Впрочем, даже захоти разозленная Рене хоть на минутку вырваться в полицейский участок, то не смогла бы. С возвращением в отделение хирургии время на что-либо иное закончилось. Его даже на сон почти не осталось. Да, ей говорили, что слишком рано. Нервный Фюрст, в очередной раз позабывший о своем диабете, за чашкой сладкого чая пытался убедить Рене подождать… Потерпеть еще пару недель до Рождества, а там за рабочие праздники нагнать программу. Звучало вполне убедительно. Хах! Мало того, оно звучало очень разумно. Но, увы, единственный человек, кто мог заставить упрямую Рене передумать, отмалчивался в камере и не хотел ее видеть. А потому (назло или же вопреки) она вернулась в проклятую хирургию.
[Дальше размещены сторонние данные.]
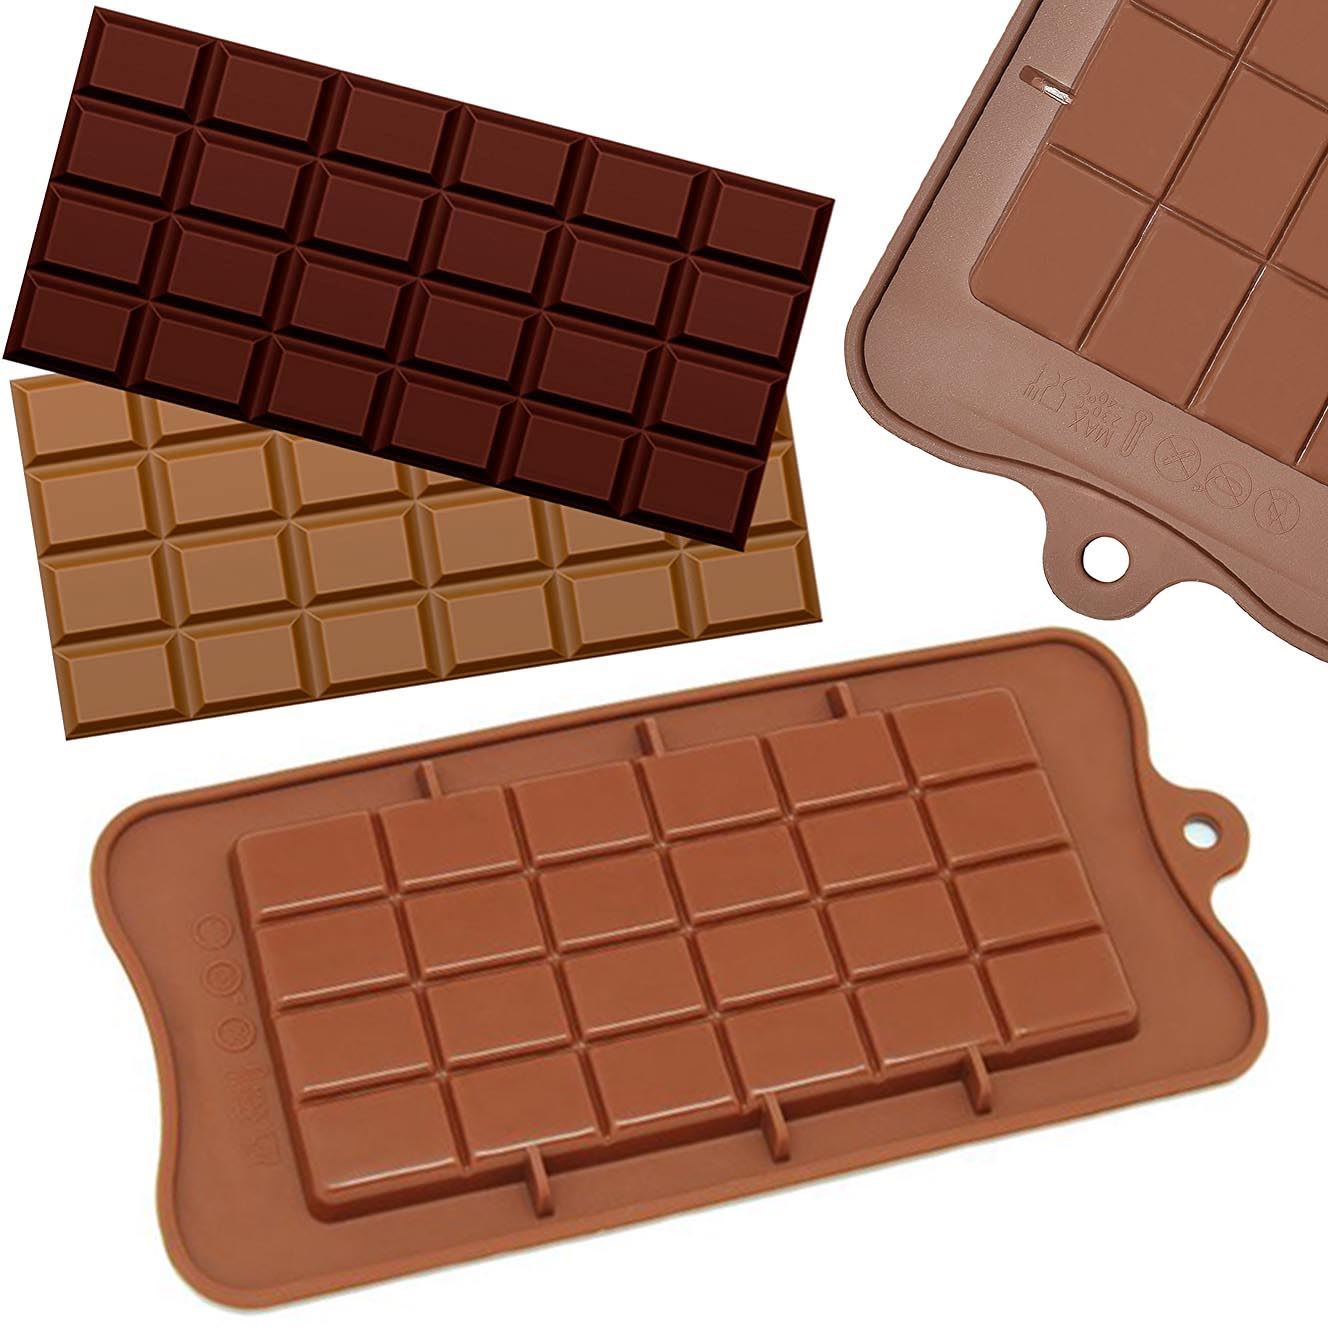 Chocolate Bar Block Silicone Mould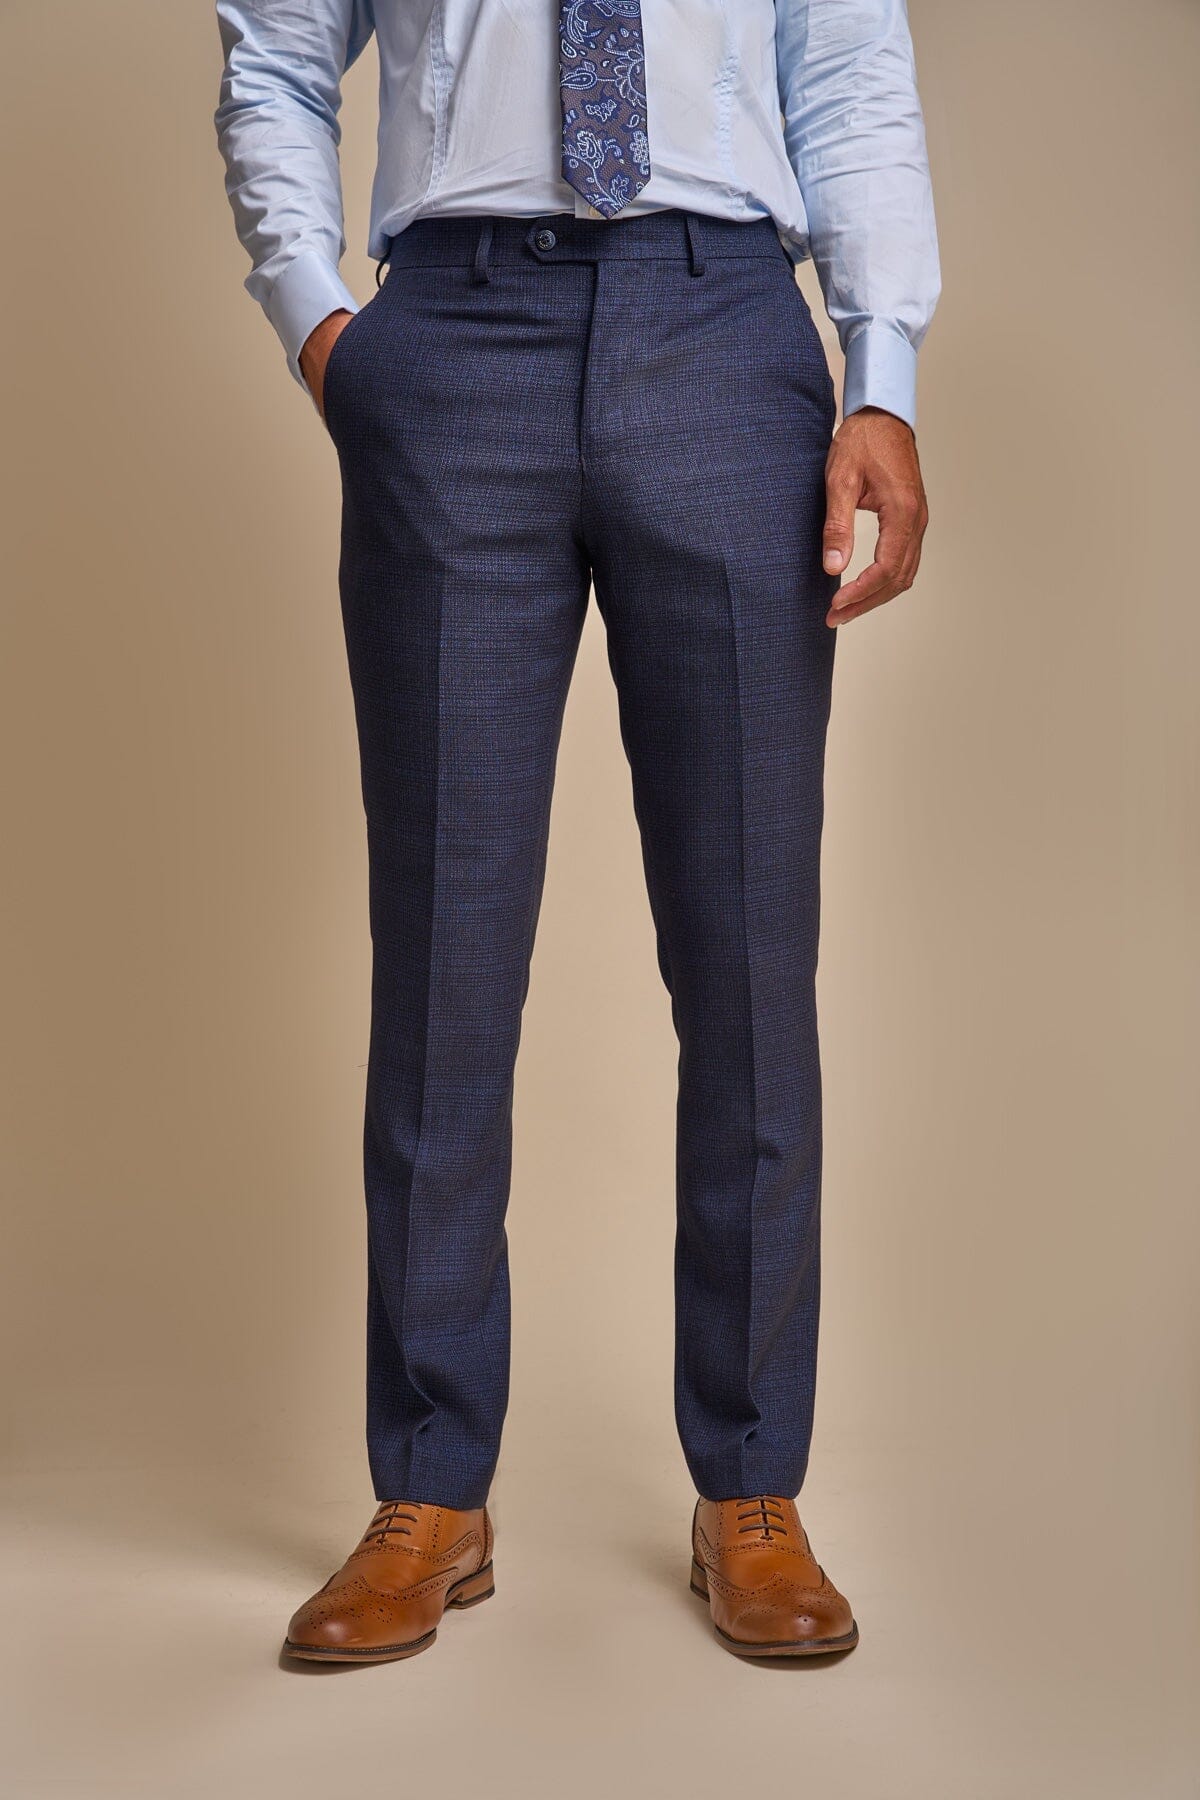 Caridi Navy Trousers - Trousers - 28R

Сразу стало понятно, что если в мире где-то существовал способ быстро развалить огромное отделение, то доктор Дюссо с ним ознакомился и воплотил в жизнь уже в первые дни отсутствия Энтони. О, он был, без сомнения, счастлив. Ведь ему наконец-то досталось кресло главы. И хотя Рене верила, что лишь на время, но эффект все равно вышел ошеломительным. Как-то вдруг неожиданно оказалось, что Энтони был в своем отделении всем. Будто масло в зубцах шестеренок, оставлял след абсолютно везде. В расписании, в бланках заказов, в графике операций, перечне пациентов, чистых палатах, неизбежном ремонте и еще в тысяче мелочей. О них никто раньше не думал, но теперь механизм не крутился. Стало понятно, что Энтони был отделением, равно как отделение неожиданно оказалось полностью им. И вернувшись в больницу, Рене вдруг с удивлением поняла, насколько ее раньше щадили. Никогда не давали работы сверх меры, даже тот марафон операций, к которому привела категоричность главы отделения, казался теперь таким незначительным. Тогда Энтони взвалил на себя большую часть их работы, а потому как-то находилось время на сон, на обед и даже на разговоры с вечно всем недовольной Морен. И вот сейчас, составленный то ли из вредности, то ли из глупости график не включал в себя основное — дорогу до дома. Рене попросту не успевала вернуться. Лишь несколько раз за две недели она засыпала в кровати, но исключительно для того, чтобы вскочить через пару часов от вызова рабочего пейджера. Смены шли одна за другой. А «on call» хирург в травматологии первого уровня, это семьдесят два часа непрерывной работы с нервной дремой в клетушке дежурных врачей. Без Энтони всем было непросто.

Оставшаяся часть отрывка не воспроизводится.